Figure 6 provides a bar chart summarizing the average AP@0.5 scores for each texture across these model categories. Our findings showed that optimizing adversarial textures on a combination of models from different architectures and sizes yielded the best transferability. Specifically, the texture optimized on the combination of YOLOv8n, YOLOv5m, and YOLOv3 achieved the lowest average AP@0.5 of 0.0972 across all tested models. This is more than 0.11 less than single-model textures (0.1148 less than YOLOv8n and 0.1480 less than YOLOv8x).

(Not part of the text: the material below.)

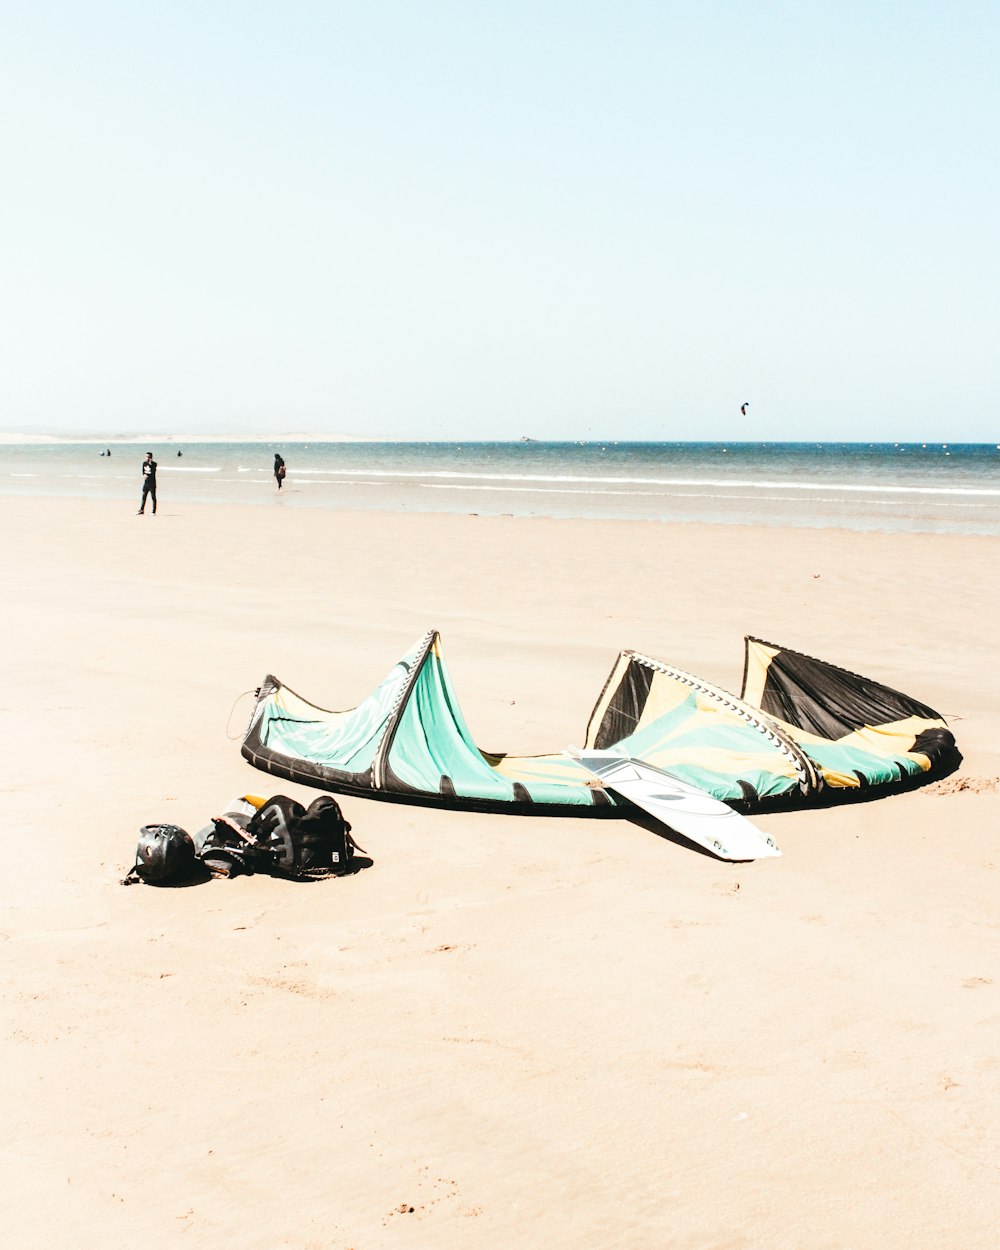 tavola da surf bianca sulla sabbia vicino allo specchio d'acqua

In addition to the evaluation under normal lighting conditions, we also tested the performance of the adversarial textures in low-light (night) conditions, as shown in Figure 7. This figure presents the same evaluation as in Figure 6, but with images taken at night. As expected, the average AP@0.5 scores were higher under these conditions, likely due to the absence of night images in the training dataset. The results also show that the AP@0.5 scores of different textures do not follow the same trend observed in Figure 6. Specifically, some textures, such as those optimized on YOLOv8 models, were more robust to low-light conditions than those optimized on YOLOv5 models. Nonetheless, the texture optimized using the combination of YOLOv8n, YOLOv5m, and YOLOv3 continued to perform the best, achieving the lowest average AP@0.5 (0.2636), even in low-light scenarios.

5. Discussion

Our experiments demonstrate that adversarial textures optimized using multiple models exhibit superior transferability across a wide range of object detection architectures. In particular, the combination of YOLOv8n, YOLOv5m, and YOLOv3 in the optimization process produced the most effective adversarial textures, achieving the lowest average AP@0.5 scores.

The performance of this particular model combination can be attributed to the diversity in both the architecture and model size. YOLOv3 represents an earlier generation with a distinct architectural design compared to YOLOv5 and YOLOv8. By including models from different generations and architectural families, the adversarial textures learn to exploit common weaknesses that are not specific to a single model type.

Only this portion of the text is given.